Pivoting again to the growth of Chinese indigenous aircraft, Udvar Hazy said the biggest barrier is customer support coupled with potential trade issues. He noted if trade disputes precluded the delivery of the Leap Engine already slated for the C919, other engines are available so it would go forward.
“In the last 20 years, China has made a very dedicated commitment to the development of its aerospace industry with a lot of investment – more than any other country on the face of the earth,” he said. “But to build and train professional pilots and engineers is another issue. It’s one thing to build and certify to western standards but to support customers outside the home market is a challenge no one has conquered outside Airbus, Boeing, Embraer and Bombardier. As long as airlines have government ownership, those airlines will be required to take a certain percentage of the C919 and to a lesser extent the ARJ 21. In future it will depend on the production capability that still is a small percentage – maybe 10% – of the overall demand in China. We do not see it dominating so the 737 and the A320 will continue to have a strong presence in the Chinese market.”
Airlines will not be able to shrink to profitability regardless of whether or not they are undergoing the equivalent of Chapter 11.

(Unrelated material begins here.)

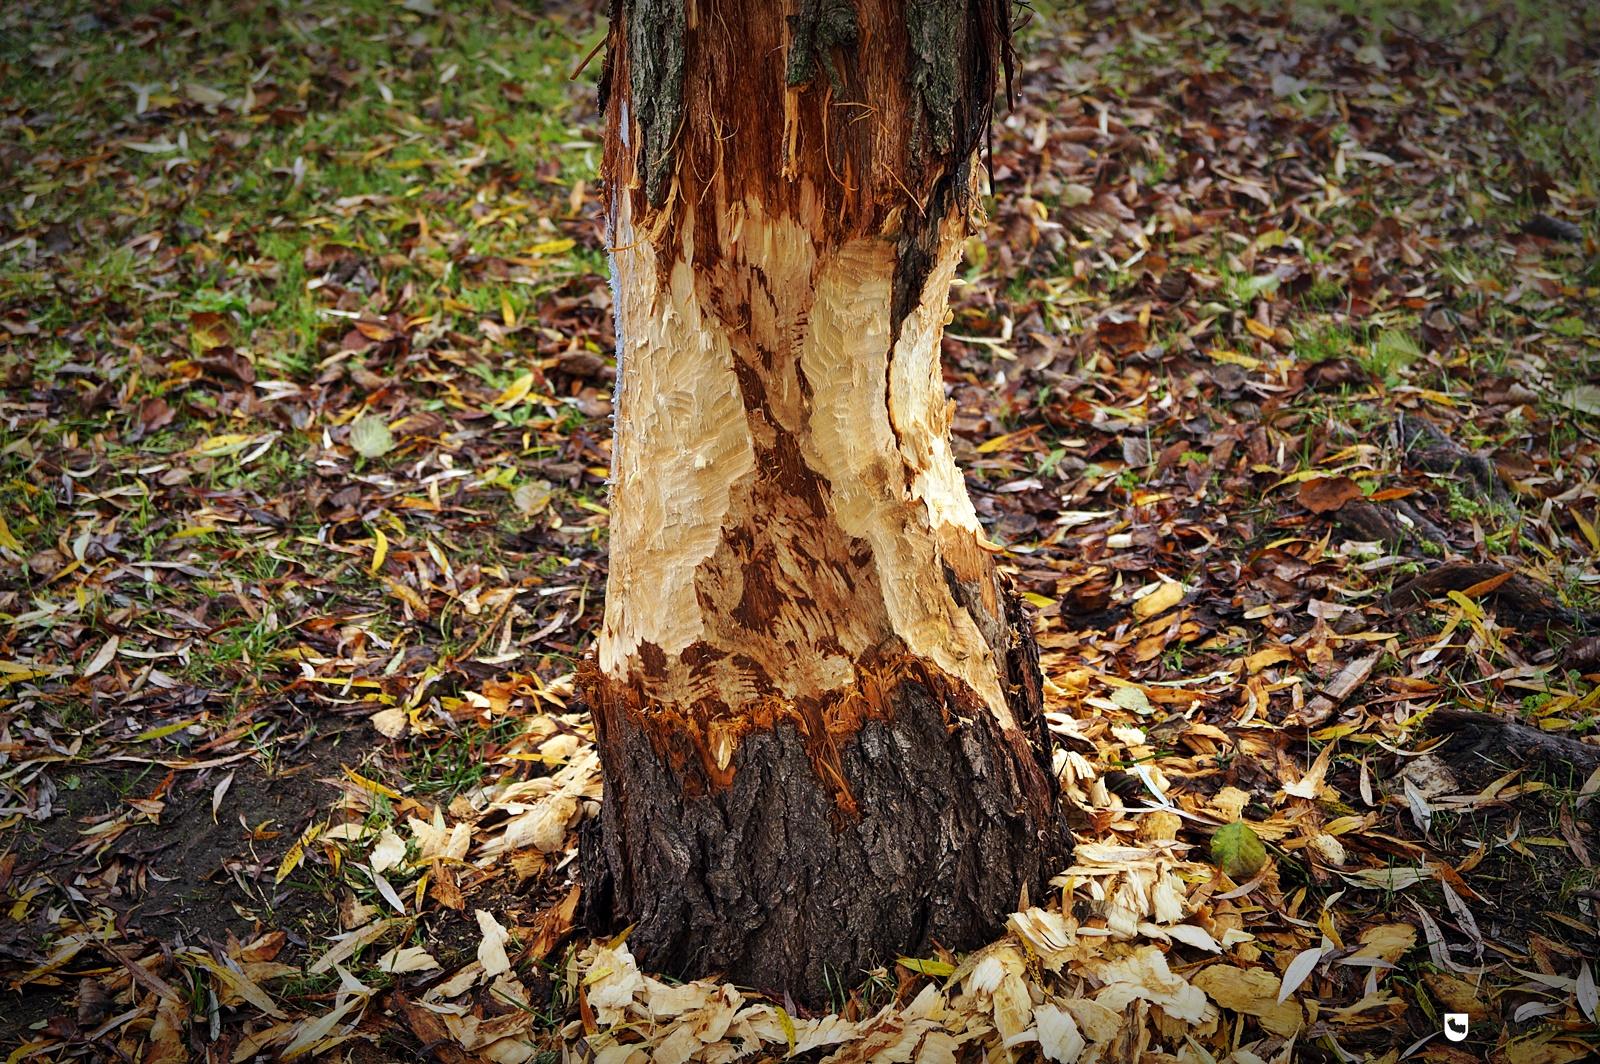 Bobry znów niszczą drzewa. Ratunkiem metalowa siatka

“Chapter 11 allows them to regauge their fleet, re-size the airline and re-examine their networks,” he said. “In every case, airlines will be smaller but once they clean up the attic they will have a better base to grow. Those airlines are already talking about new deliveries in 2023 or 2025 that would replace older, obsolete aircraft. While they were rejiggering their companies, they were asking where they go after Chapter 11, what will the network look like. The answers will dictate the airplanes they will need. They are looking beyond the cloud to emerge as a stronger, fitter company and how Air Lease can help them get there.”

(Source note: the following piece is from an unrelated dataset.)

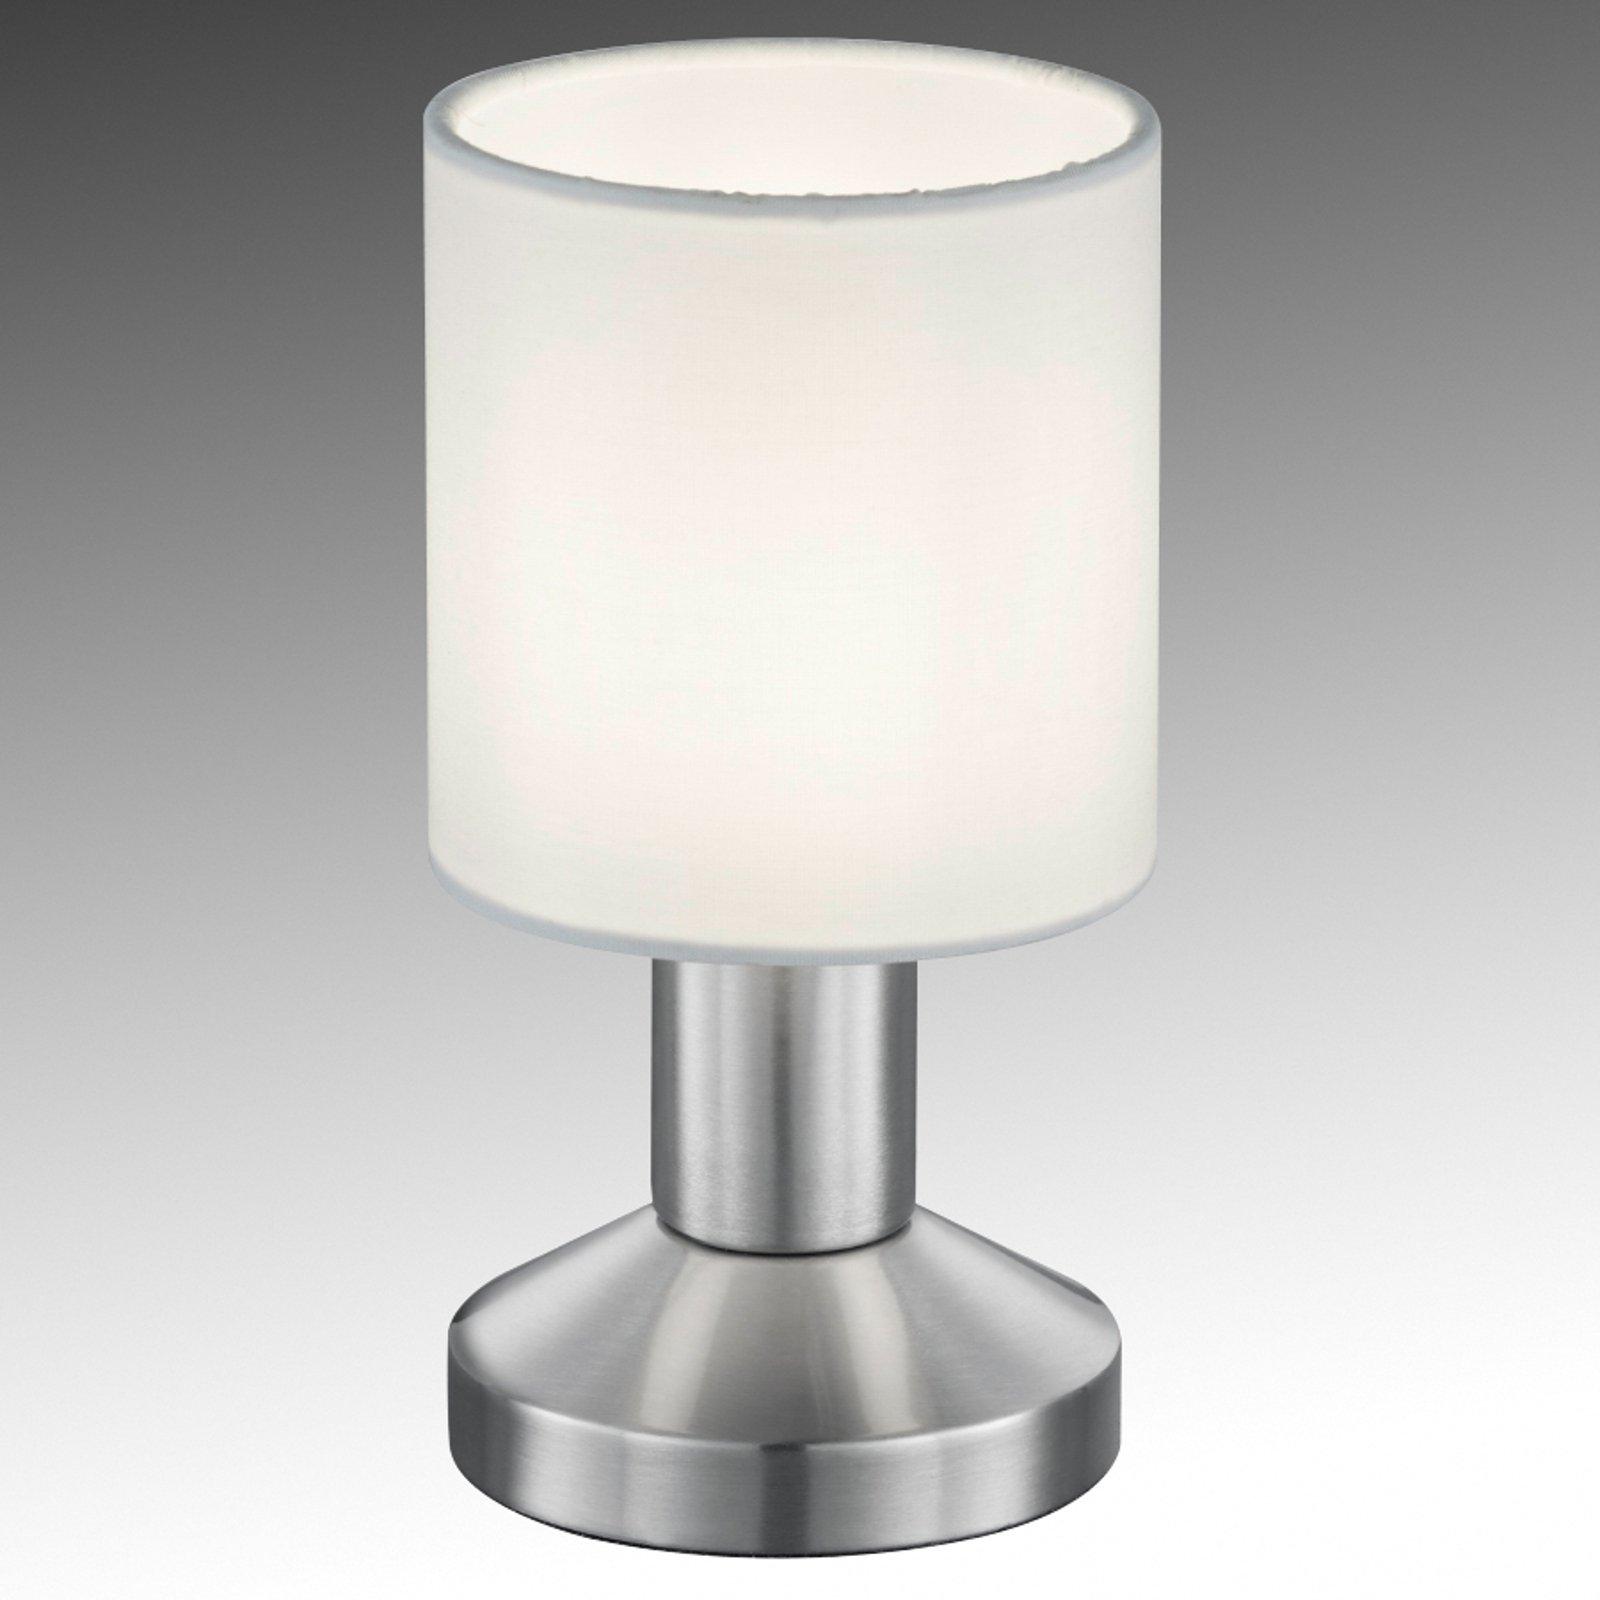 Tekstil-bordlampe Garda med hvit skjerm

Asked whether he was optimistic about the future industry, Udvar Hazy concluded by saying the last 50 years have changed the rules and predicted that would continue. “The world needs airlines and needs mobility. The airline business, coupled with technology, will mean changes and we will have to adapt. There is now a lot of awareness of what a pandemic can do but the industry will emerge strong, better understood and more appreciated for its role in the world.”